Dungeon Siege III features four different characters. Depending on which character the player chooses, the plot is subtly altered, with the other three characters later available as AI controlled companions or as characters for other players via the Multiplayer feature.
- Lucas Montbarron: The youngest son of Hugh Montbarron, the Grand Master of the 10th Legion at the time of their last fight against Jeyne Kassynder 30 years before the game's setting. He is also a descendent of the first Lady Montbarron, the protagonist of Dungeon Siege, who is commonly only referred to as "The Farmer" (Dungeon Siege III takes place 150 years after the first game). Lucas fights with a one-handed sword and shield or a two-handed sword.
- Anjali: An archon, a member of a servant race to the lost creator gods. As a mythical being, she can shift between human form, fighting with a spear, and elemental fire form.
- Reinhart Manx: A descendant of Merik the mage (from the first game) and therefore is able to fight with magic at range and in close combat.
- Katarina: The illegitimate daughter of Hugh Montbarron and a Lescanzi witch. She fights with a long-range rifle or a pair of shotguns at close range; Rebecca Grant modeled for Katarina's character.
Development and release
Chris Taylor, the original creator of Dungeon Siege, served as an advisor during the development of the game. It is the third game in the series not to be developed by Gas Powered Games (after Dungeon Siege: Legends of Aranna by Mad Doc Software and Dungeon Siege: Throne of Agony by SuperVillain Studios) and the first to be published by Square Enix after it acquired the complete ownership of the Dungeon Siege franchise. After the release, a number of players complained about the controls on the PC version of the game, prompting the developer Obsidian Entertainment to address those concerns.
Dungeon Siege III: Treasures of the Sun
Dungeon Siege III: Treasures of the Sun was released on October 25, 2011, as "downloadable content" (DLC) for Dungeon Siege III. It features a new location, several new monster types, three new obtainable perks, and raises the level cap to 35. The story follows the protagonist(s) on a journey to Aranoi desert, where an undead outbreak is taking place, in search of a long lost Legion spy and the mysterious "greatest treasure of the Azunite church". According to Destructoid, the downloadable content offers approximately five hours of added play time to the base game.

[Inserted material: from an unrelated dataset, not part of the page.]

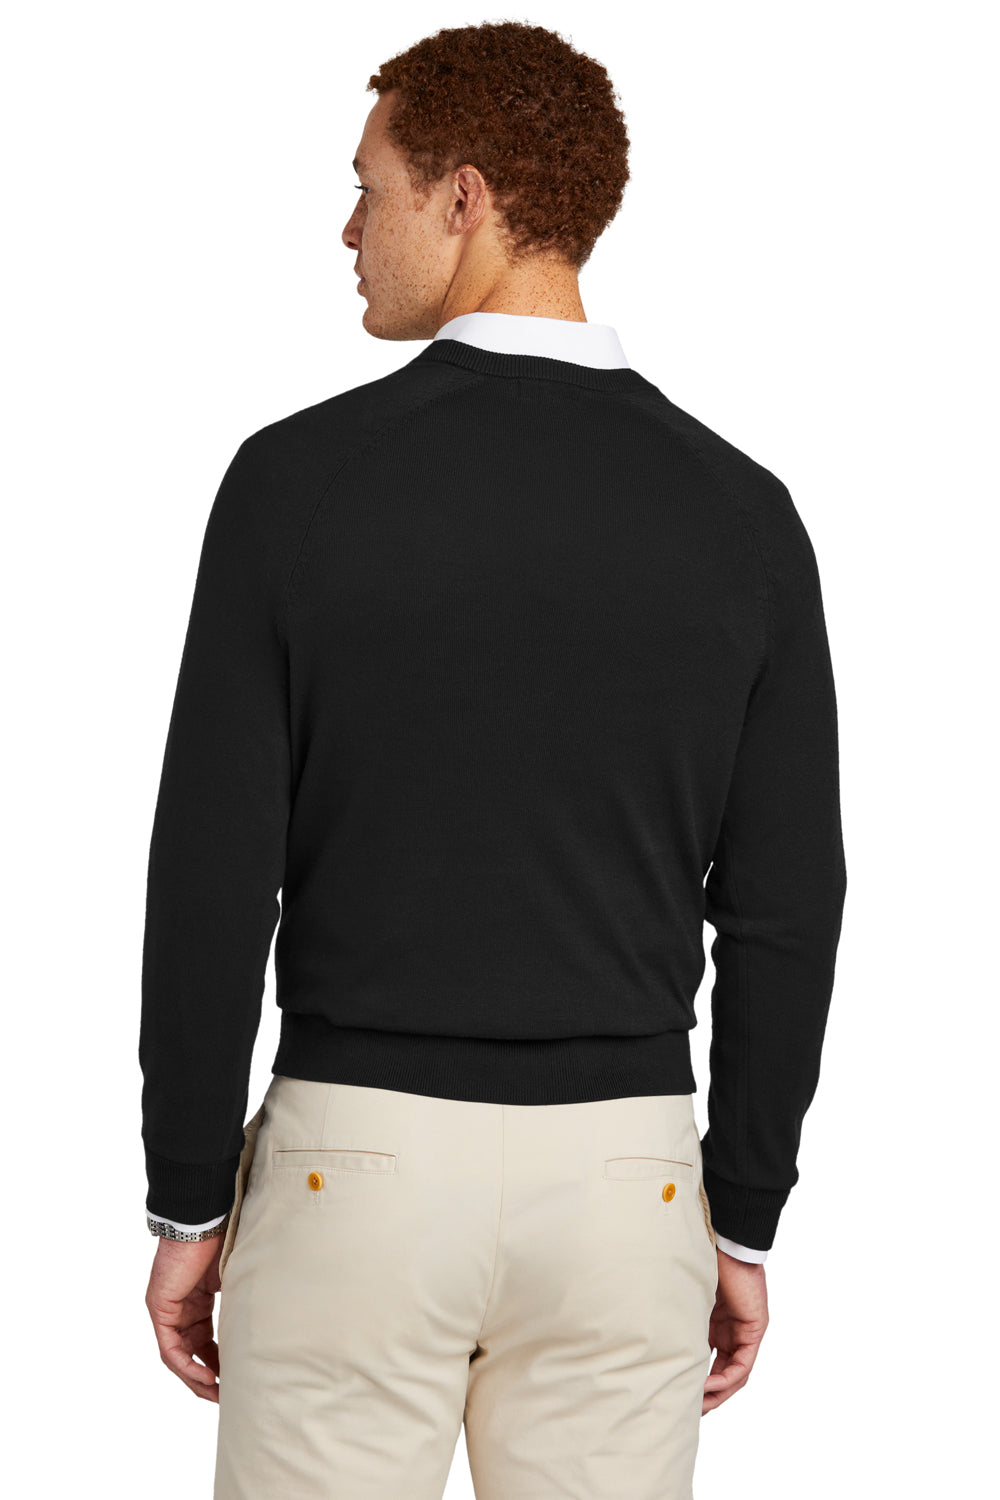 Brooks Brothers Mens Long Sleeve V-Neck Sweater Deep Black Model Back

The title received a lukewarm response from critics, earning a Metacritic score of 72, 71 and 73 for the Xbox 360, PlayStation 3 and Windows platforms respectively. Charles Onyett of IGN stated that "Obsidian Entertainment's take on the Dungeon Siege franchise has some merit. The core combat system is well-designed, offering a small but useful set of abilities for each character class. The varied enemy encounters encourage the frequent use of abilities and the dodge mechanic, which makes the basic gameplay whittling down the health bars of enemies satisfying. But the rest of the game mostly falters, unfortunately, to a degree that overshadows its achievements. Dungeon Siege III is a dungeon crawler with a boring loot table, poorly implemented multiplayer, and little lasting incentive to continue running around the world once the tedious story ends." Game Informer states that the graphics are dazzling and the character models are beautiful especially when they are zoomed in on. GamesMaster criticised the repetitive nature of the gameplay but acknowledged that the multiplayer co-op was enjoyable.